Князь Василий не понял ничего и, нетерпеливо тряхнув головой, пошел от урода прочь… Митька понял, что можно действовать…
XXXVI. Над светлой рекой
Жуткое зрелище представляла собой на другой день Москва. Москвы, собственно, почти уже не было, а были только чудом уцелевшие небольшие островки ее и огромные черные дымящиеся пустыри между ними. А среди всего этого разрушения и острого смрада на высоком Боровицком холме возвышались закопченные стены и стрельницы недостроенного Кремля. В дыму виднелась чудовищная царь-пушка, только недавно отлитая фрязями и ни на что не нужная – стрелять из нее было невозможно, – а около нее тяжело чернели четыре громадных ядра. Сверху сыпался мелкий дождик, а по черной, раскисшей земле уныло бродили голодные люди. Огромное зарево, стоявшее всю ночь над городом, без слов сказало всем соседним городкам и деревням, что Москва приказала долго жить, и в помощь пострадавшему населению ее и в надежде на хорошие барыши уже тянулись со всех сторон обозы торговых людей и крестьян со всяким добром. Великий государь – семья его спаслась тем, что ее на большой завозне вывезли на середку реки и там под огненным дождем стояли, пока огонь не ушел на посады, – сам распоряжался восстановлением жизни разрушенного города. Все работы на стенах и башнях были приостановлены, и работным людям было прежде всего повелено собрать по пожарищам погибших москвитян и рыть скудельницы для тысяч черных трупов, похожих на грубо сделанные куклы. Попы пели и кадили над несчастными, и их наспех зарывали…

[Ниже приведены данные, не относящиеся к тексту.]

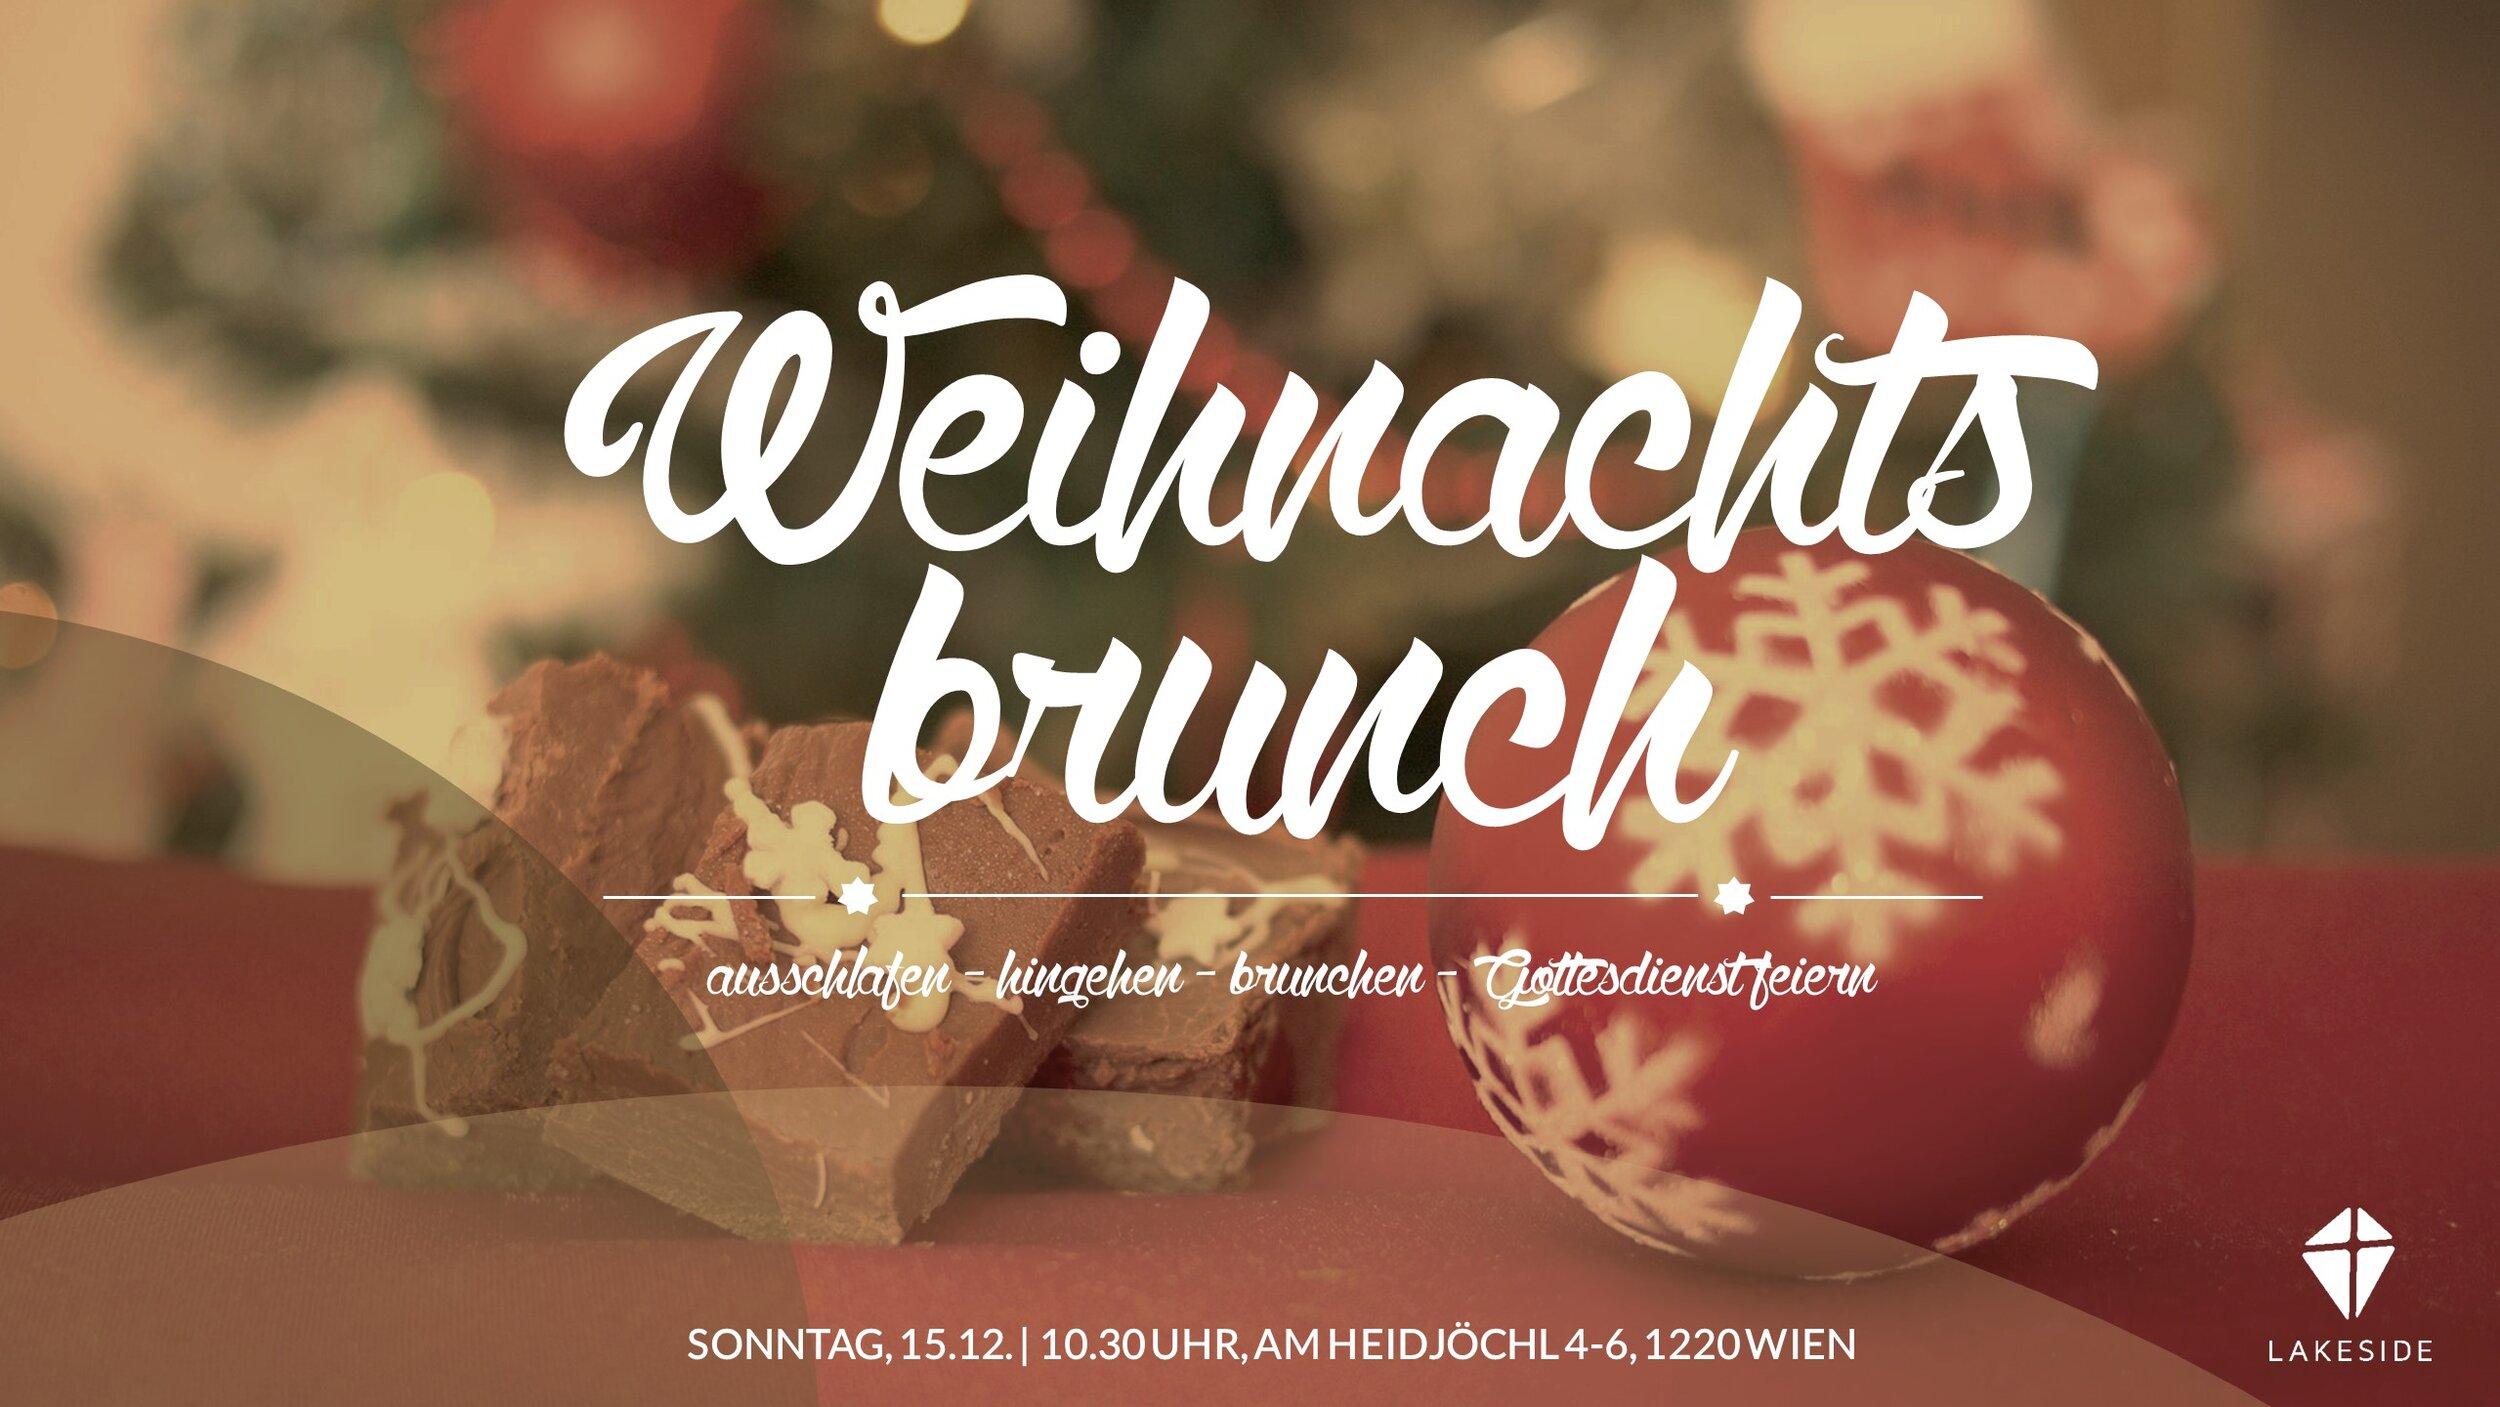 Weihnachtsbrunch_19.jpg

Потом стали наспех разбирать пожарище, чтобы скорее, до холодов, поставить дома. О том, что следовало бы строить город из камня, и думушки ни у кого не было: во-первых, лес был очень дешев, во-вторых, поставить даже самые большие хоромы из лесу можно было в месяц, а в-третьих, каменных дел мастера на Руси были наперечет. Уцелевшие среди огня Успенский собор, царские палаты да каменный двор купца Таракана у Фроловских ворот не особенно убеждали москвитян, что каменные постройки лучше: все одно, внутри все так выгорело, что все надо начинать сызнова… Но Зосима, погоревав над сгоревшими грибками своими, рыбами жирными и прочей доброю снедью, все же велел ставить себе хоромы каменные. Приказные, скорбно помавая главами над сгоревшими бумагами своими, уже вострили перья, чтобы возобновить труды свои на пользу государства Московского и получить скорее от просителей соответственное плодоношение на погорелое место…
И затюкали по черному пожарищу плотницкие топорики… Митька Красные Очи терся среди озабоченных москвитян и жалобно тянул:
– Батюшка боярин, светлые твои очи, милостыньку-то убогому Христа ради…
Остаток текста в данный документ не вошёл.